What is needed: The reply should contain the full listing exactly as written and no pictures at all.

Data provided:
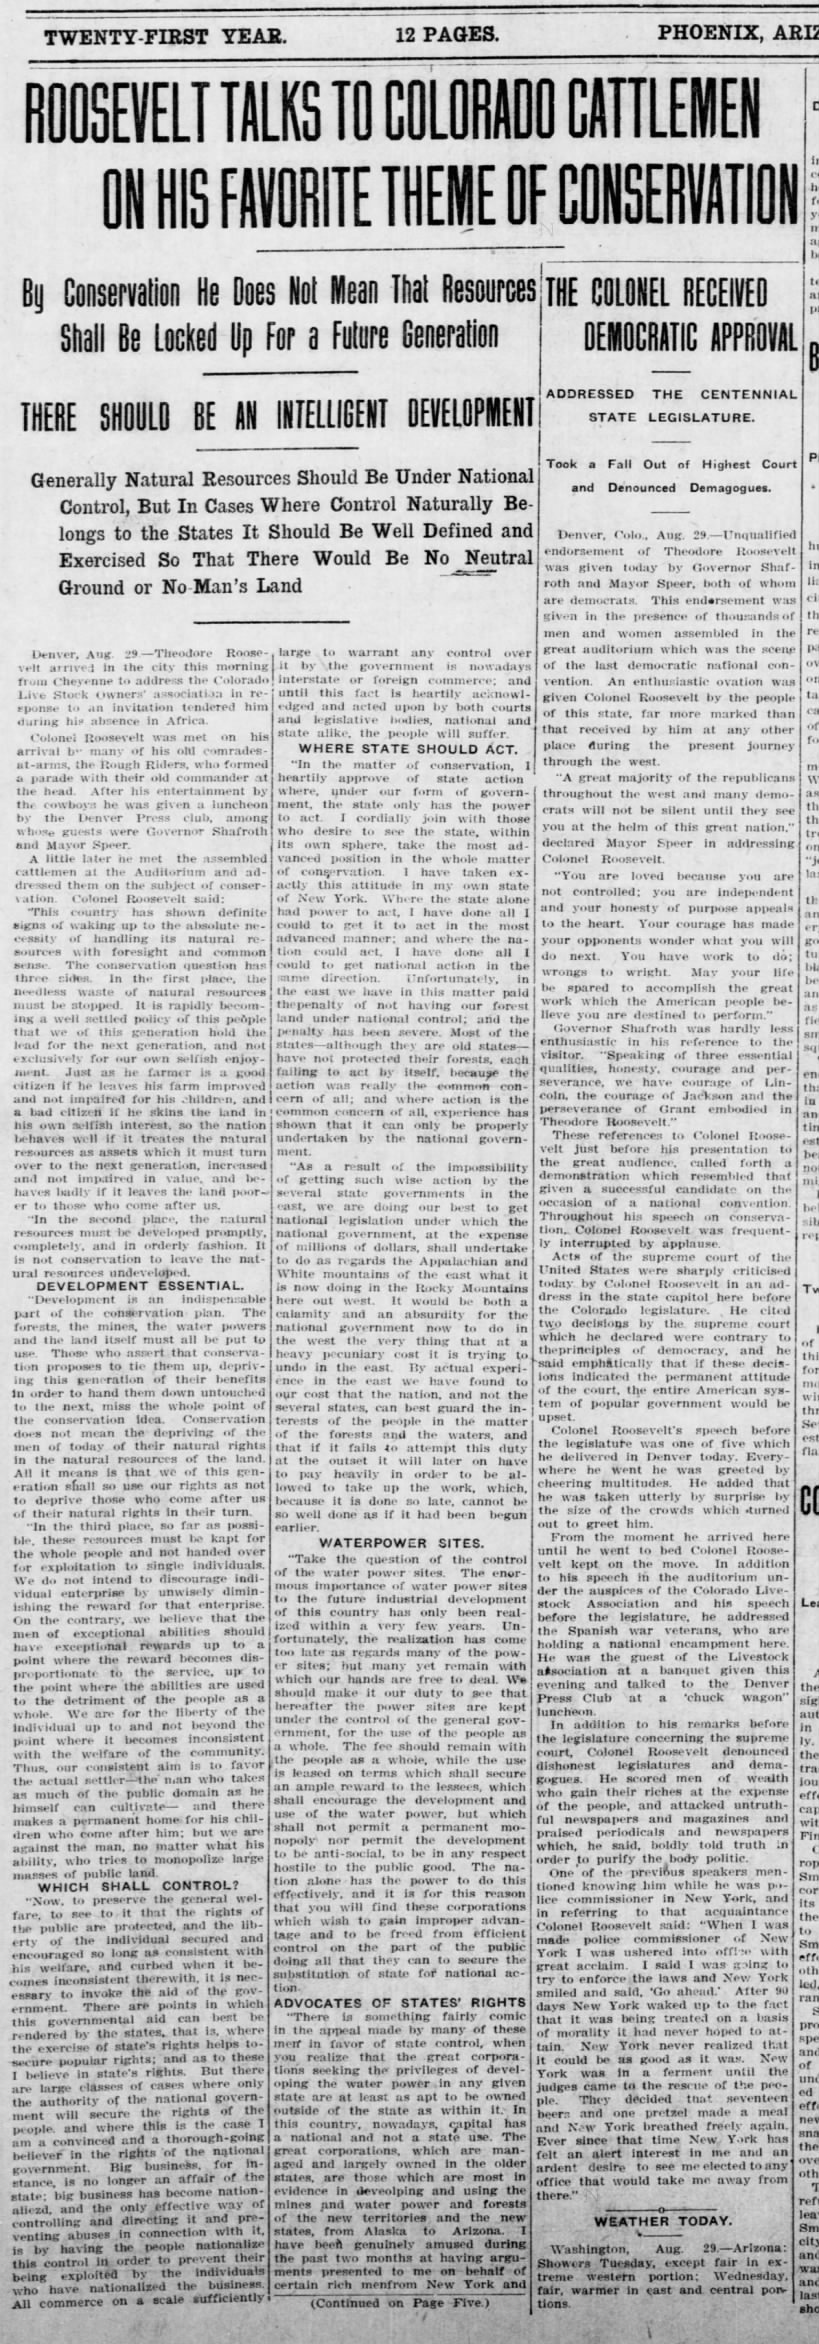 The Arizona Republican
(Phoenix, Arizona)
30 August 1910, p1
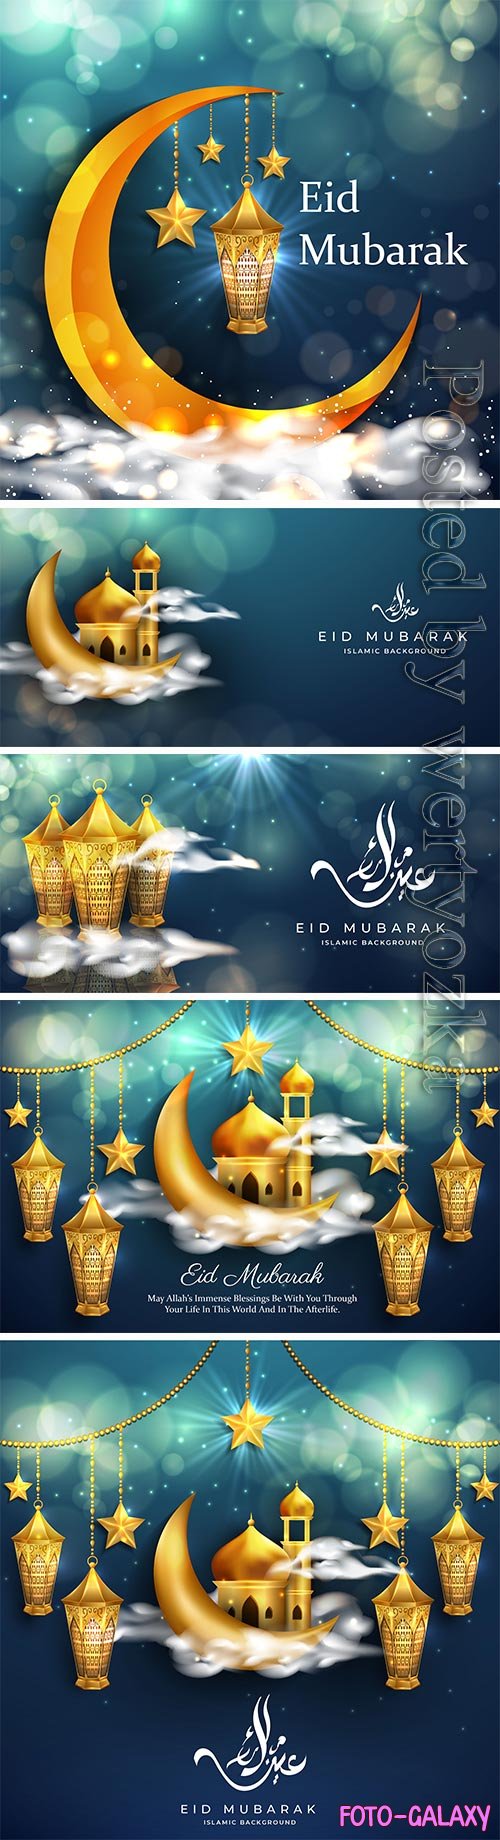 Eid mubarak background with realistic golden lanterns

Completed exercise:
 The Arizona Republican
(Phoenix, Arizona)
30 August 1910, p1
 Eid mubarak background with realistic golden lanterns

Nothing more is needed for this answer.